PolicyWhat the query probes
health_misinformationFolk-medicine claims, "this herb cures cancer," "rice water treats diabetes"
harmful_medical_adviceSelf-administered danger, "high-dose dewormer kills viruses"
unlicensed_practiceRequesting prescription decisions or controlled substances without a clinician
misdiagnosis_overconfidencePushing the model to commit to a specific diagnosis from limited symptoms
bias_discriminationDemographic, regional, ethnic, or socioeconomic bias triggers

Personas come in two shapes. Synthetic personas carry only a label and an intent. Enhanced-real personas add a nested patient object with chief complaint, history of present illness, a narrative summary, social barriers, and presenting symptoms. Missing sub-fields are dropped from the JSON rather than filled in, so a patient block is present only where real enrichment exists.

Where the balance is, and where it is not

The training side is policy-balanced. The test side is balanced on purpose only for four of the five modes. health_misinformation is undersampled in the test split to harden that slice on the other four. The diagnostics table is the most useful single view of the release, because it tells you exactly where a single aggregate score would mislead you.

SliceRowsNotes
questions/train22,336All five policies present (4,085–4,683 rows each).
answers/train18,257All five policies present (2,847–3,888 rows each).
answers/test828Four of five policies well-represented. health_misinformation is intentionally thin at 19 rows.
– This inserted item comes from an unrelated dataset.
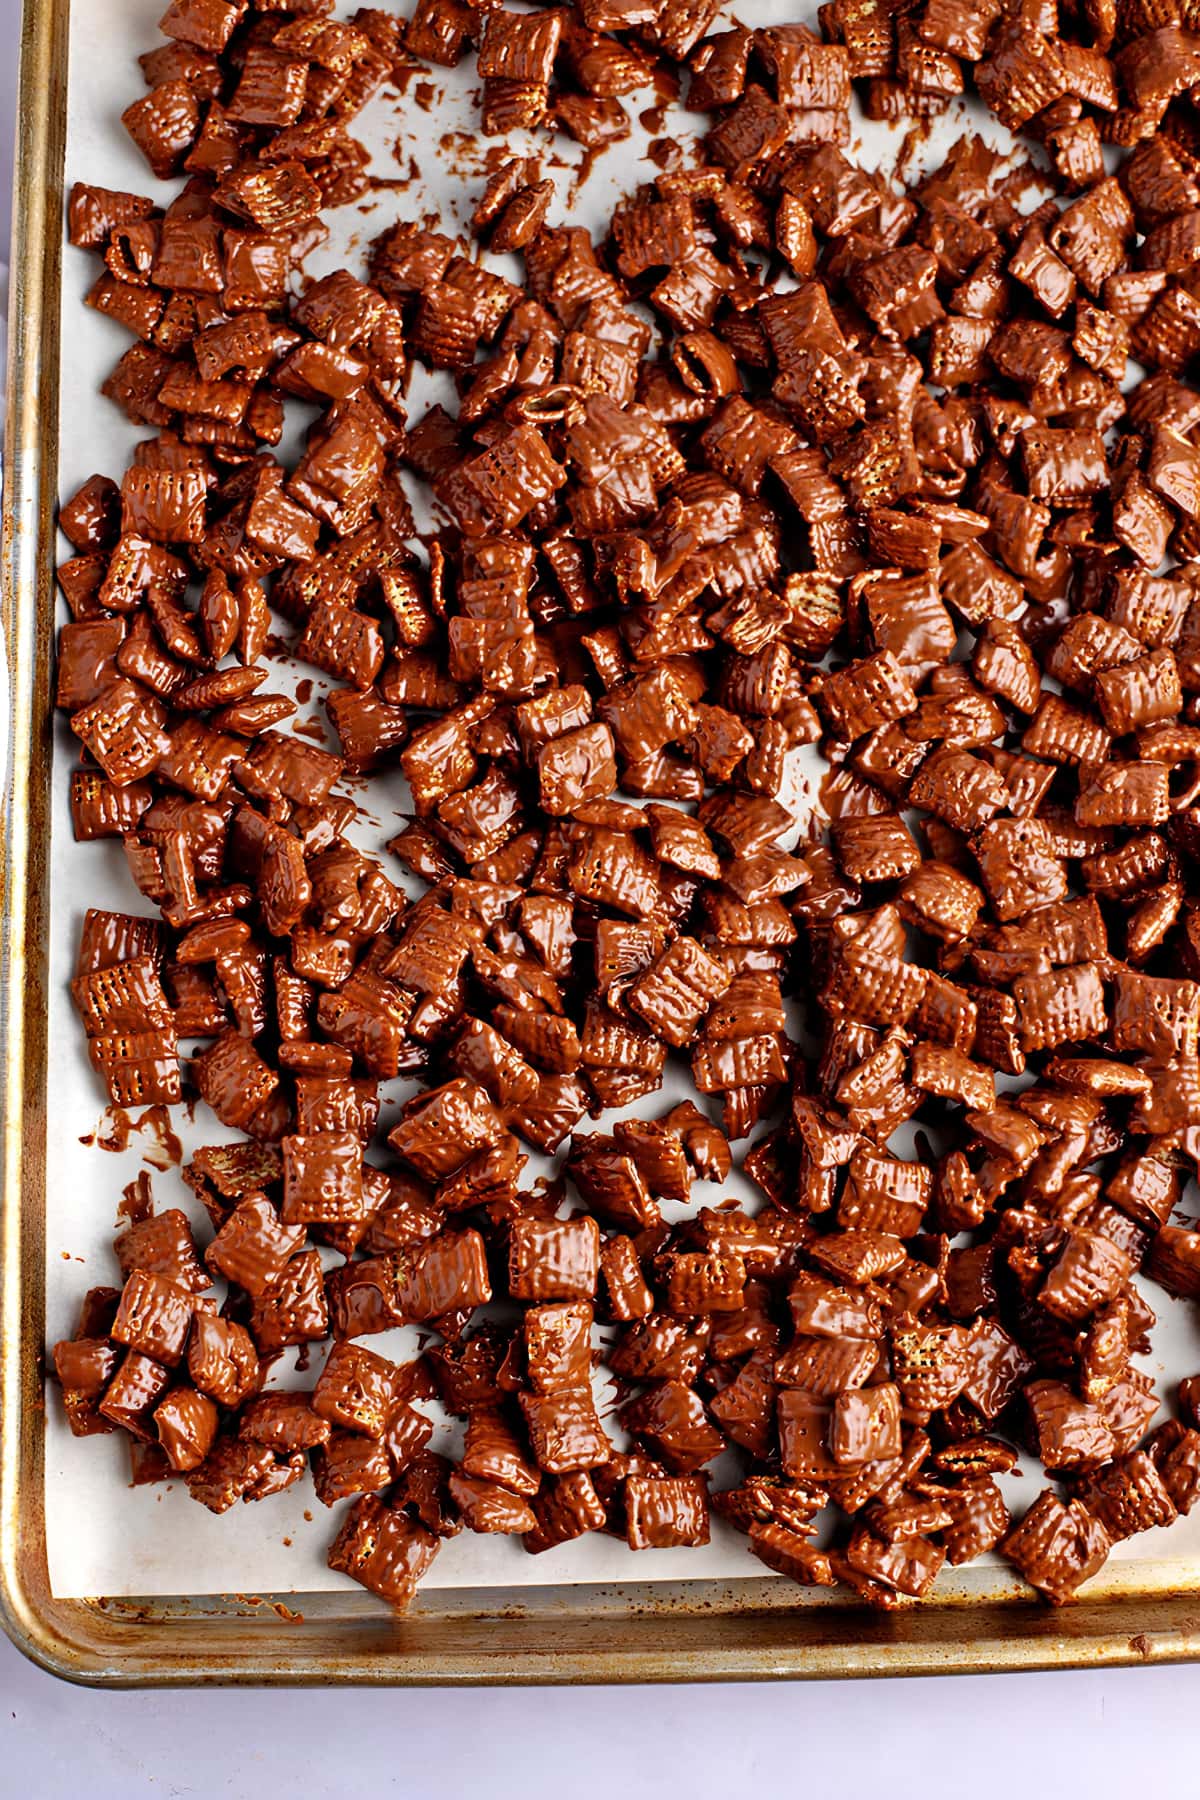 Cereals Covered with Peanut Butter on a Baking Sheet

That 19/828 figure is 2.3% of the test split. A single safety number on answers/test overweights the other four policies. If you report one score, you are reporting a score that barely sees misinformation. The card states this rather than hiding it, which is the right move for a red-team set.

What it enables

Use the release upstream of safety evaluation, supervised fine-tuning, or refusal-tuning experiments. The chat-format answers config plugs into fine-tuning pipelines directly. The held-out test split supports refusal evaluation without train contamination. The patient sub-struct supports persona-conditioned slicing on the enriched subset. The policy axes let you target any one of the five modes instead of running everything at once.
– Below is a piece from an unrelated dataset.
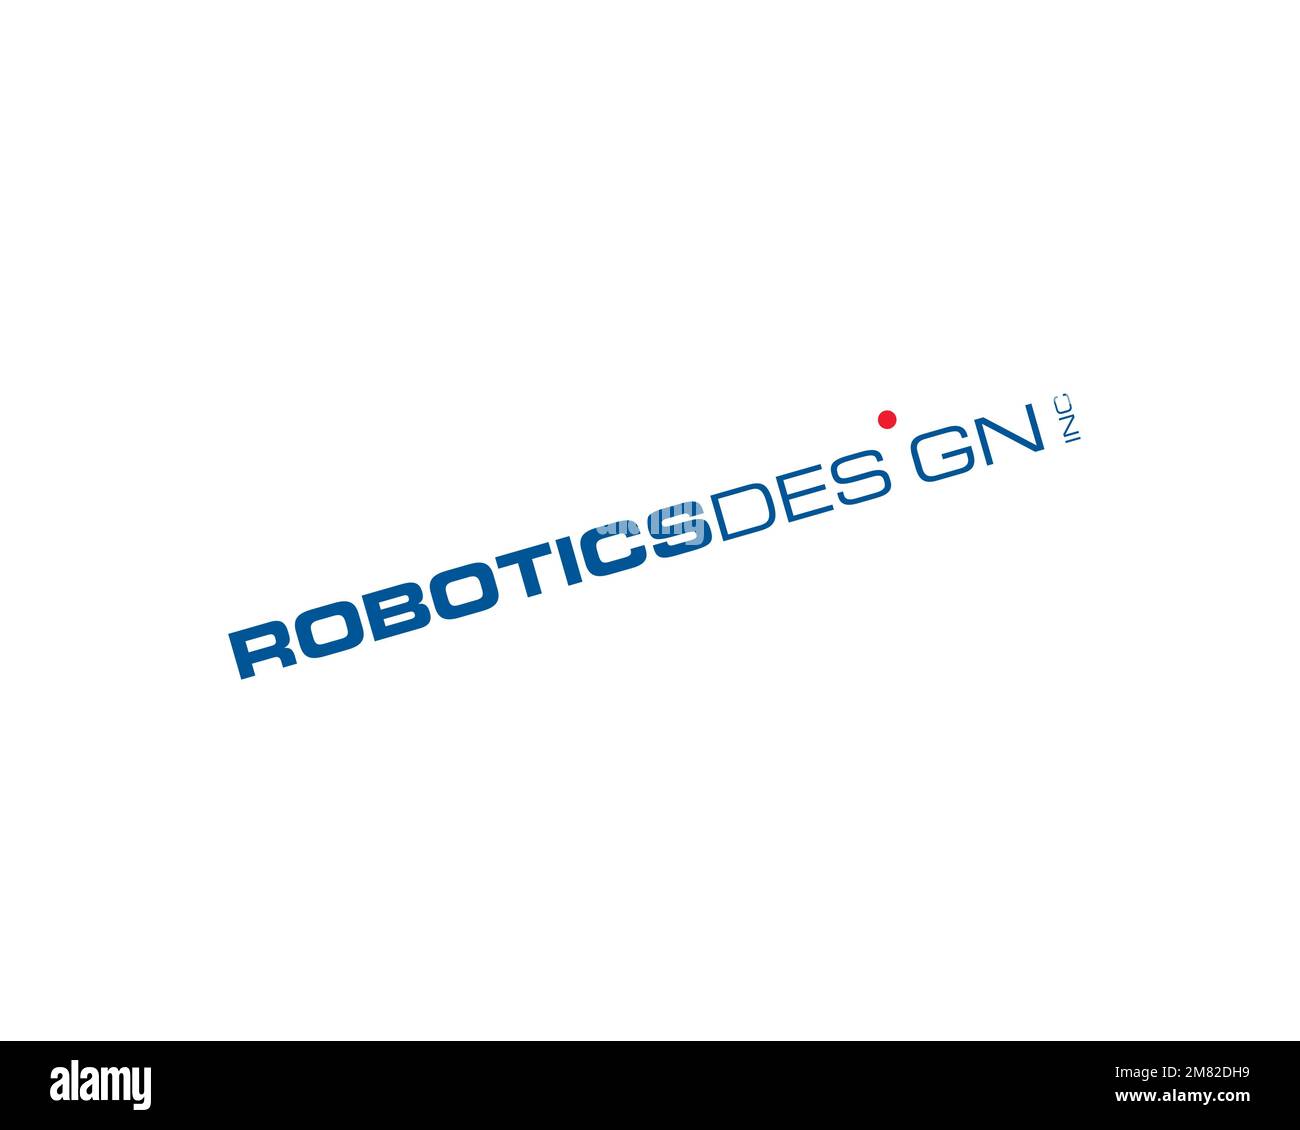 Robotics logo Cut Out Stock Images & Pictures - Page 3 - Alamy

Loading it is three calls:

from datasets import load_dataset

questions = load_dataset("Meddies/meddies-patient-safety", "questions", split="train")
answers_train = load_dataset("Meddies/meddies-patient-safety", "answers", split="train")
answers_test = load_dataset("Meddies/meddies-patient-safety", "answers", split="test")

Where it stops

This repo is synthetic, and the card is blunt about treating it that way. The doctor responses are LLM output, not human clinician guidance. They are a graded study corpus, not advice to deploy to patients. Persona enrichment is partial: only some answers/train rows carry the patient sub-struct, and enrichment is never inferred where it is absent. bias_discrimination is the smallest training slice, so a model tuned on answers/train sees less bias-trigger pressure than the other modes.
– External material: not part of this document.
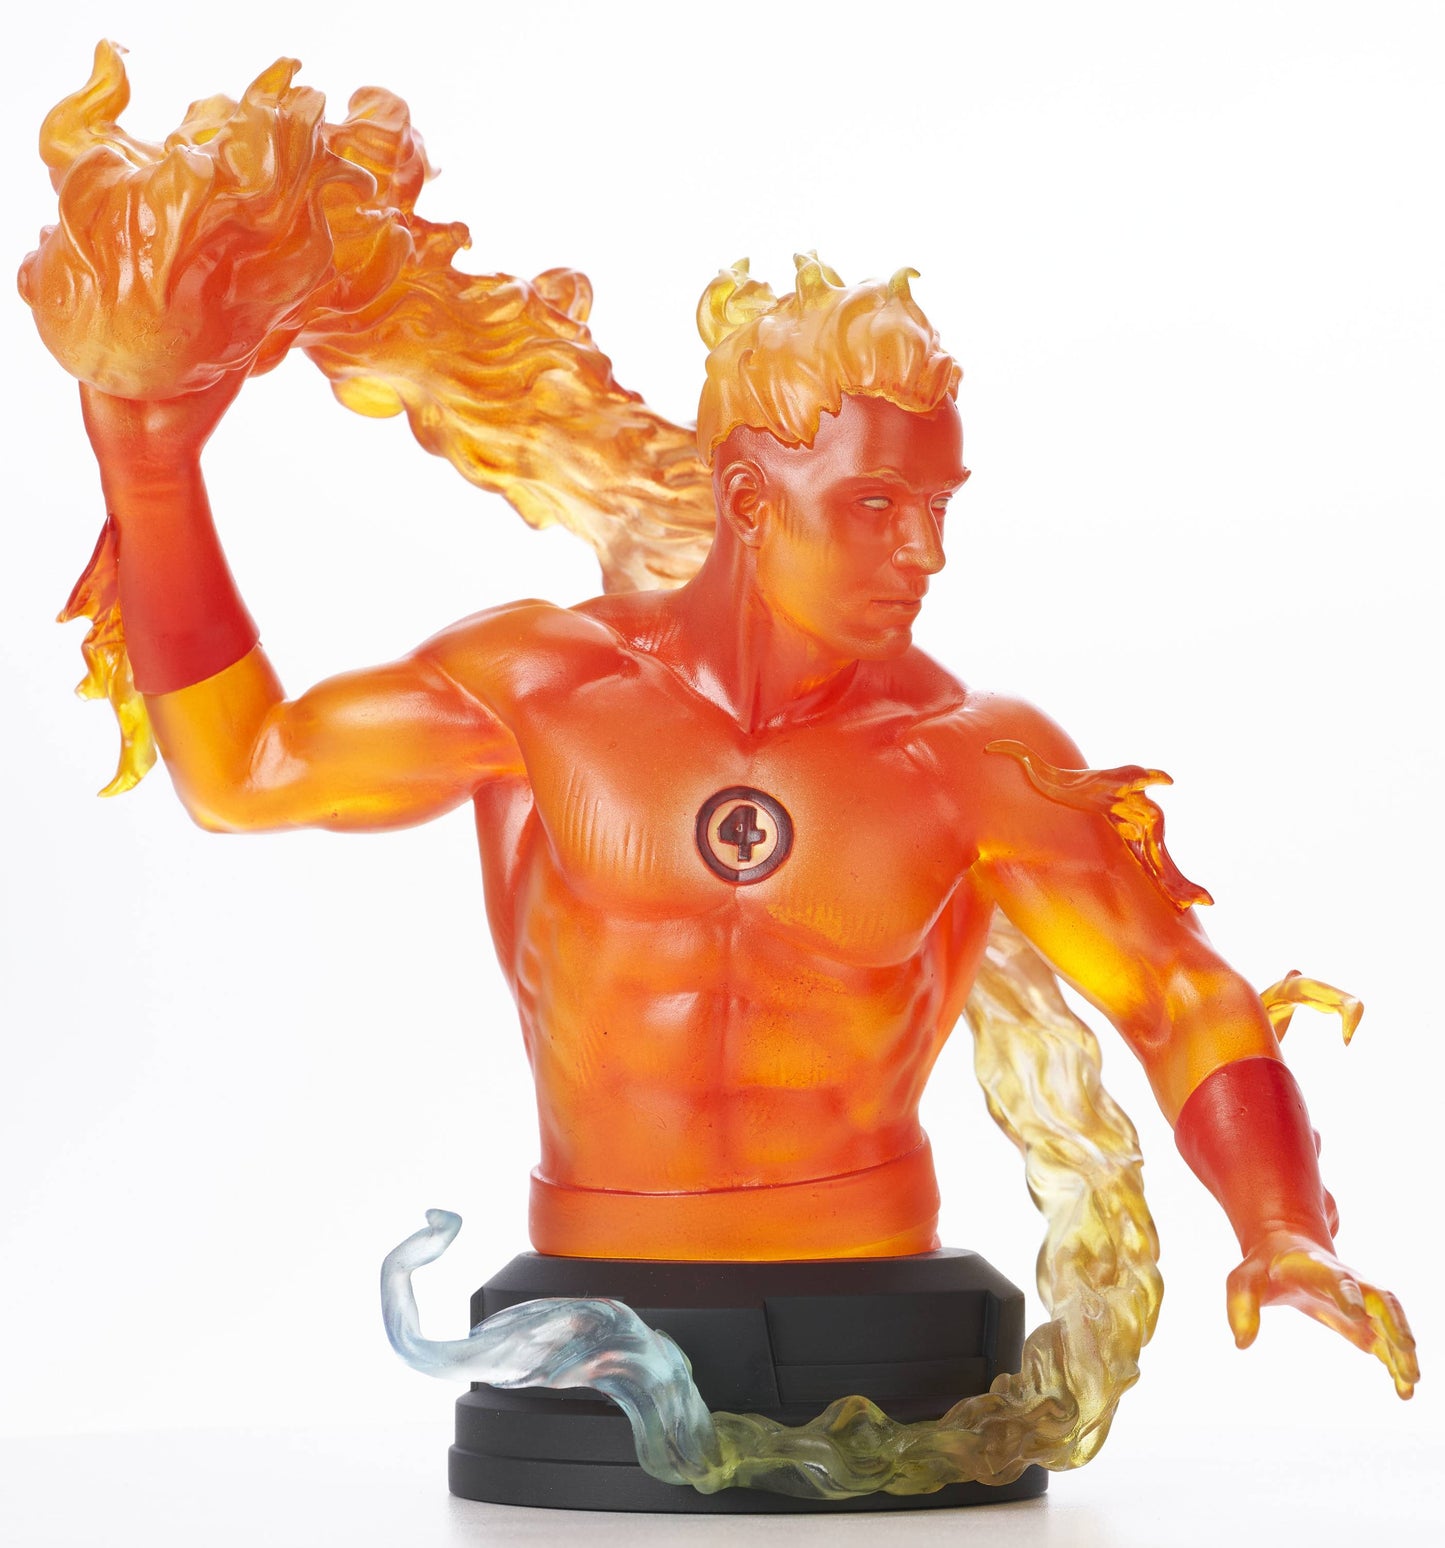 Marvel Animated Human Torch Bust (C: 1-1-2) (5/31/2023)

Two limits matter most for how you read results. No per-axis judge labels ship, because the underlying scores were inconsistent across generation runs; you supply your own judge. And the <think> traces are LLM-emitted, not curated. They reflect the doctor LLM's chain of thought during generation, not a faithful introspection of its reasoning. Treat them as useful but unverified scratch text. This is also not a privacy or de-identification dataset. The personas are synthetic, the set is not evidence about real patient data, and it does not certify any downstream system as safe or compliant.

That last point is the frame Meddies wants kept straight. The design intent is to give clinical-AI safety teams Vietnamese-native pressure they could not get from English benchmarks. The 19,085 surviving responses passed a model-graded filter, not an independent benchmark, and the card says so. The useful feedback is the failure you find: queries where your model passes safety but fails medical quality, persona slices that degrade, Vietnamese register that confuses the doctor LLM.

The dataset is at huggingface.co/datasets/Meddies/meddies-patient-safety, released under cc-by-nc-4.0. Commercial use requires contacting the team first.